The Commonplace
Carol Casey
The Commonplace
I sit alone with a warm tea,
pen in hand. This Covid solitude
is barely hardship until
time brings a tide of loneliness
sweeping over and I think of
alternative universes, ones
where you would have woken
me up, said, Grandma, now can
we bake the cake? And your
mother, father and little brother
would have tumbled down the
rabbit hole to join the fun along
with uncles, aunts, cousins all
cozy inside on this rainy day,
catching up on news, discussing
the upcoming wedding with no
if this or if that, complacent
in our togetherness and the petty,
niggling differences that filigree
our interactions. I would see
your new-found seven-year-old
dignity at play, face brown
with chocolate, adoring little brother
and cousin in your wake, you asking
questions, listening skeptically to
answers, offering each grown-up
the chance to play. And in this
other time and place we would
not even know we were safe, or what
it means to have the commonplace.
Then and Now
My grandmother was bitten by a snake
more than a hundred years ago. Her foot turned black.
The village shaman offered small hope,
honeybees and chants as balm.
A world on knife-edge, cutting holes
in the frilly crinoline of etiquette soiled and bedraggled,
veneer worn thin with care and storm;
social fabric torn.
My grandmother survived.
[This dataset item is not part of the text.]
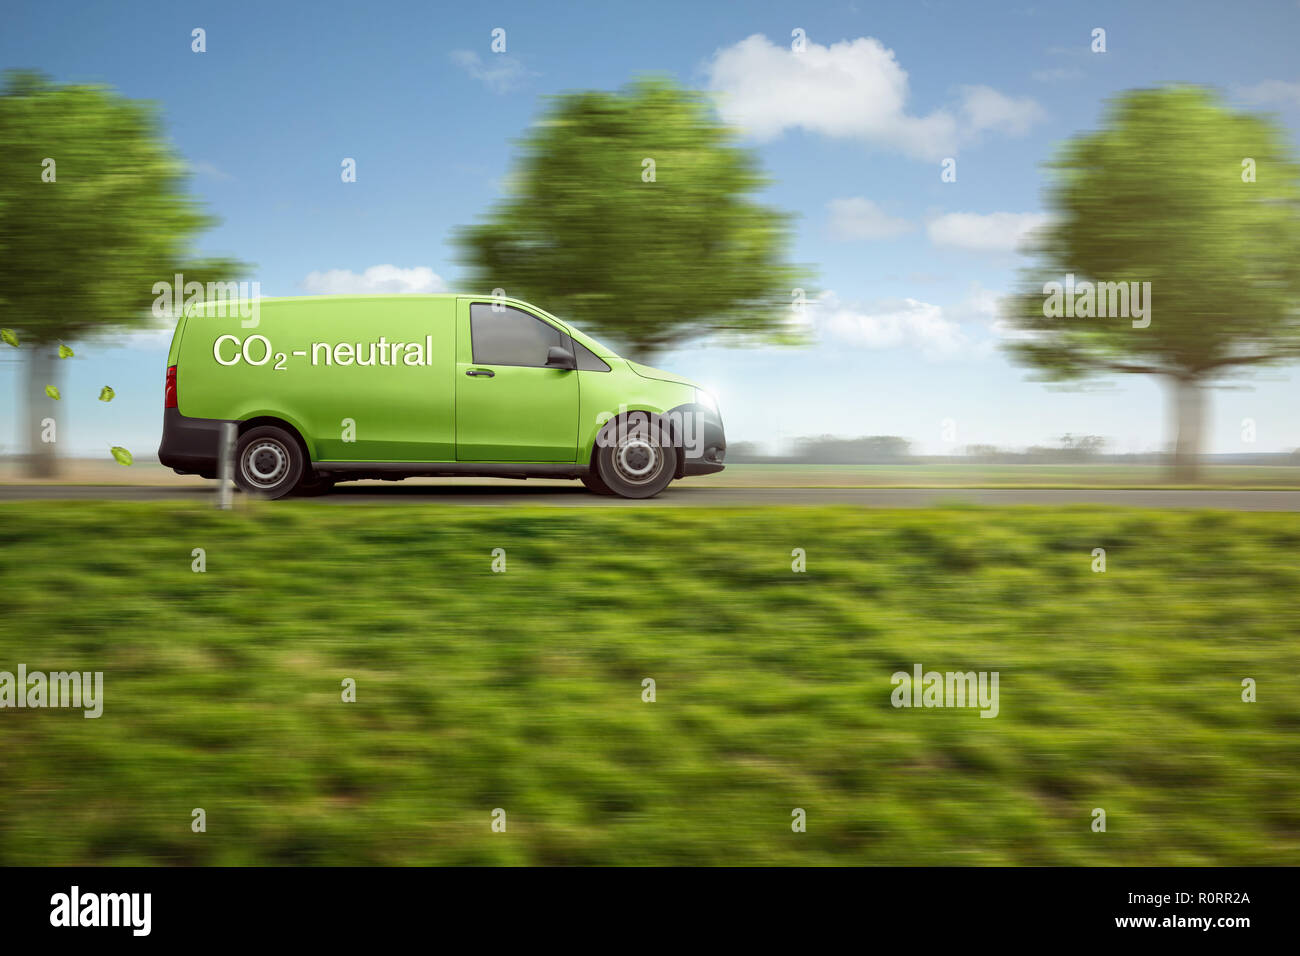 Carbon-neutral delivery with a green van driving on a country road with green trees Stock Photo
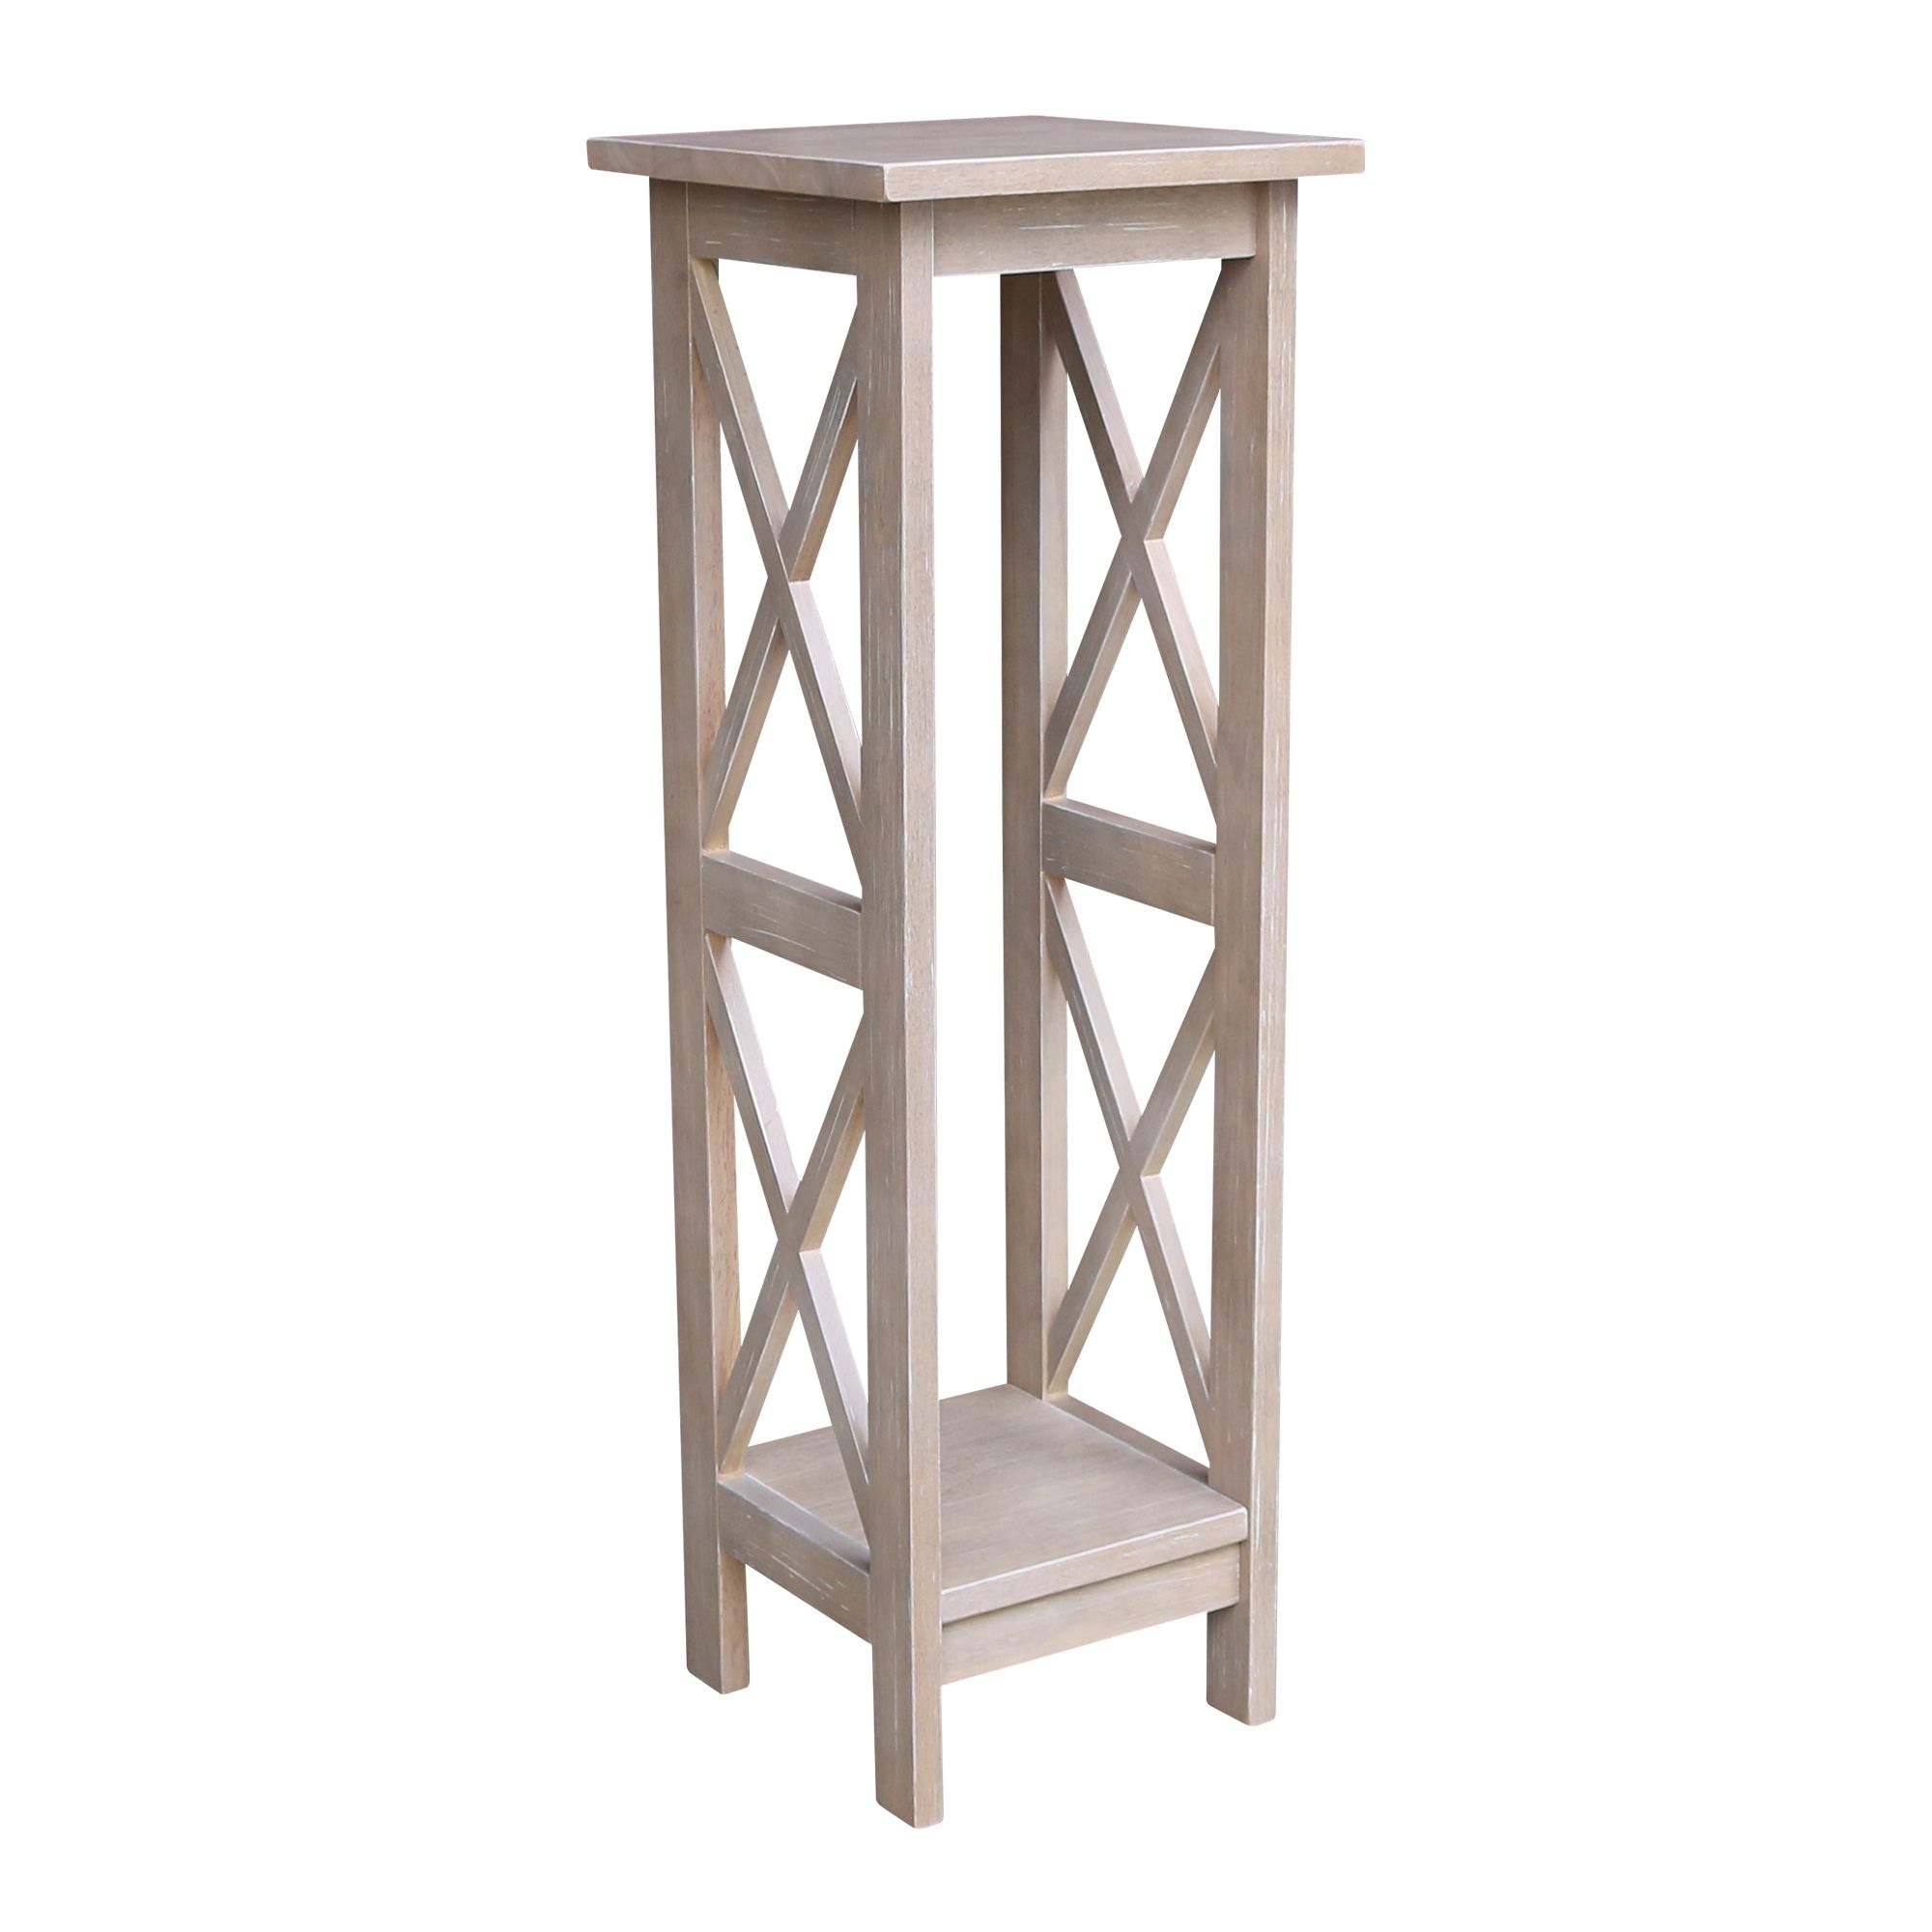 Weathered Gray Plant Stands Intended For Recent Solid Wood X Sided Plant Stand In Washed Gray Taupe – Walmart (View 10 of 15)

They saw
that her life force was strong enough for the Spanish Flu.
She nursed the sick
until the storm becalmed.
In this leopard-spot terrain of holes
and rough, furry patches the beast erupts in unexpected
places, familiarity turns strange,
bereft, forlorn.
Her older sister died of it
and came to her in a dream to tell her she was happy.
My grandmother passed
the message on.
This thing, this microbe, not enough
to cause terror, just a niggling erosion, a constant vague sense
of roulette out of control,
a disconnection, care worn.
Her family took comfort where
they could, even this small glimmer softened pain.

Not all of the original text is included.